• _DATA SUPPLIED_:
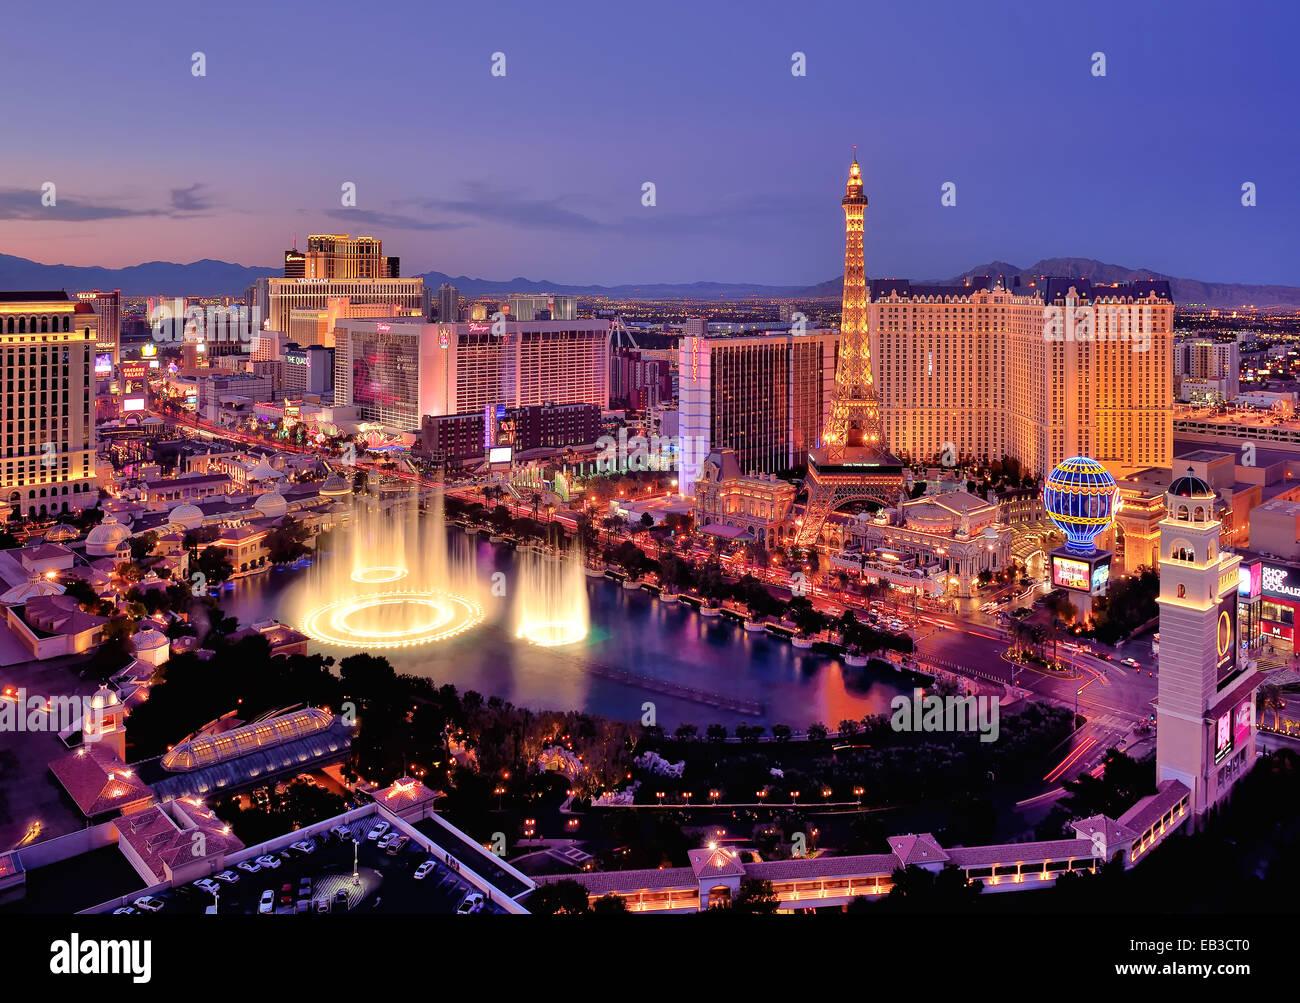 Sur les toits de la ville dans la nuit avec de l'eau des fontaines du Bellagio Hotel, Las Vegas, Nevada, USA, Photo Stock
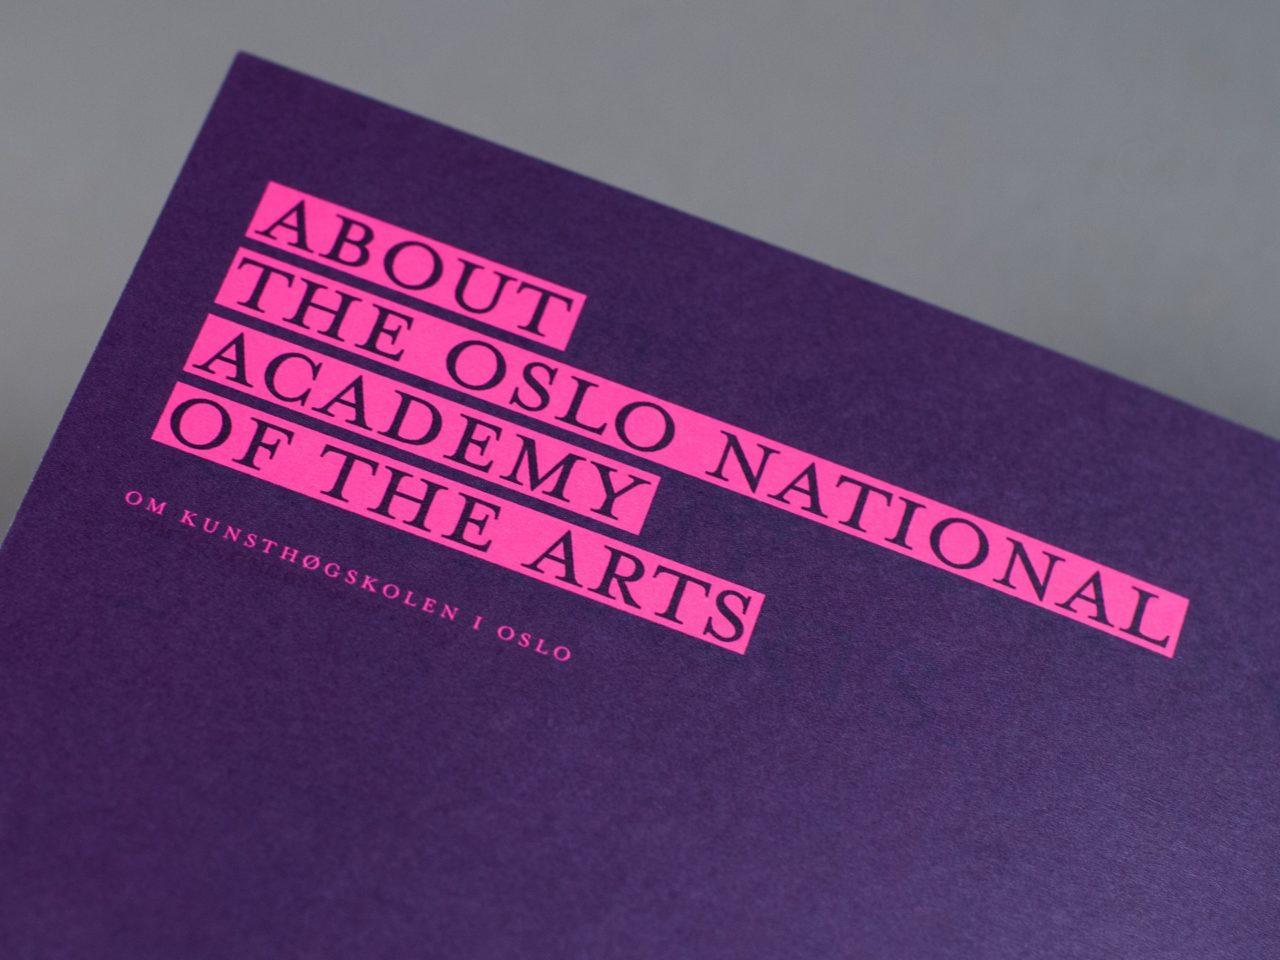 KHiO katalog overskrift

...

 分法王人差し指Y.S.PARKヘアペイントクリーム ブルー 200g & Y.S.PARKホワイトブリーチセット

==

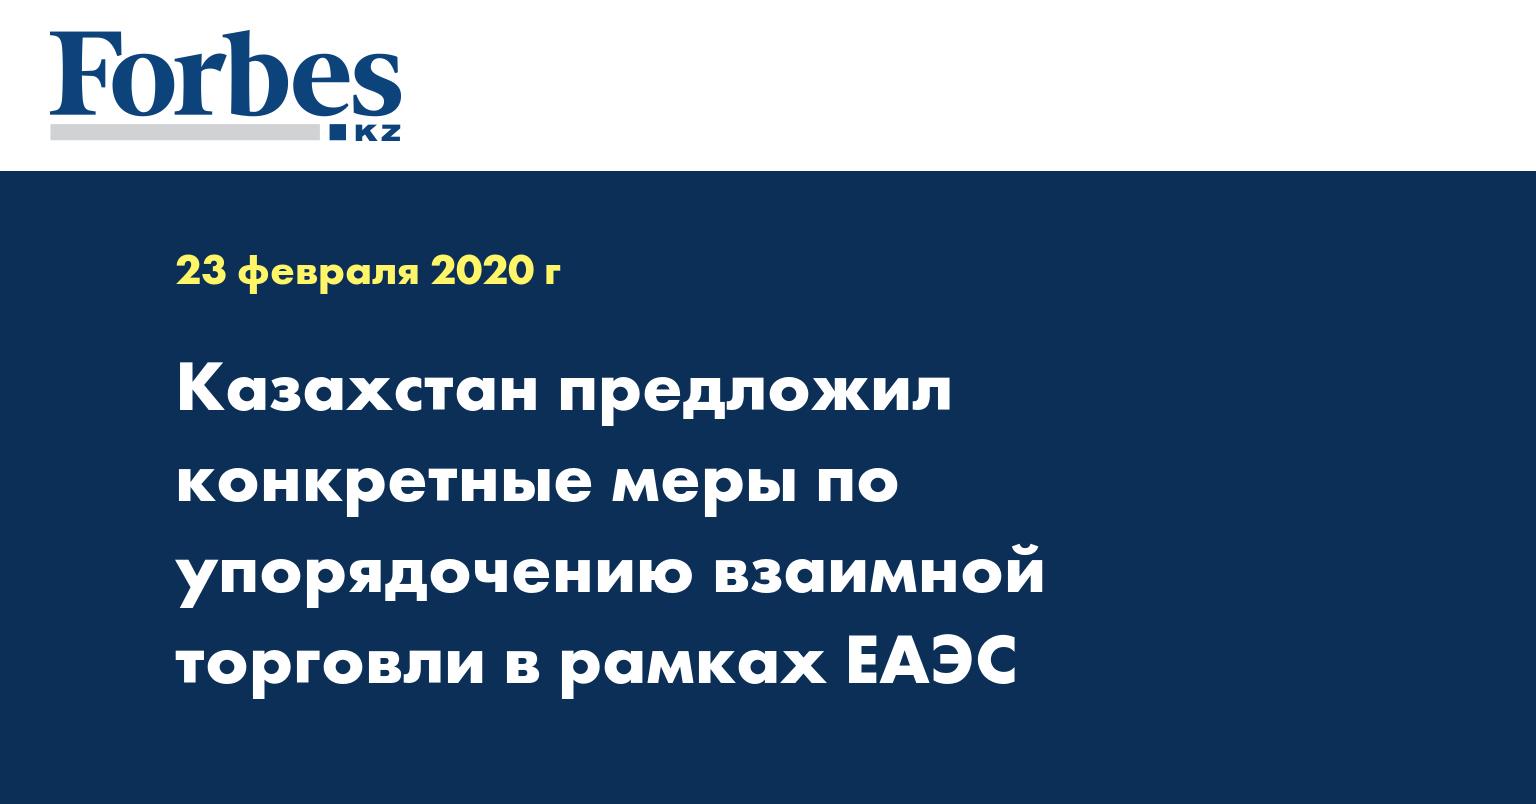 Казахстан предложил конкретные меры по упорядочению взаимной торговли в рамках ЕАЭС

• _DIRECTIONS FOR THIS TASK_: Every line above in the stretch from the one with "Sur les toits" through the one with "KHiO katalog overskrift" is to be transcribed exactly, ends included. No picture is copied.

• _YOUR RESPONSE_:
 Sur les toits de la ville dans la nuit avec de l'eau des fontaines du Bellagio Hotel, Las Vegas, Nevada, USA, Photo Stock
 KHiO katalog overskrift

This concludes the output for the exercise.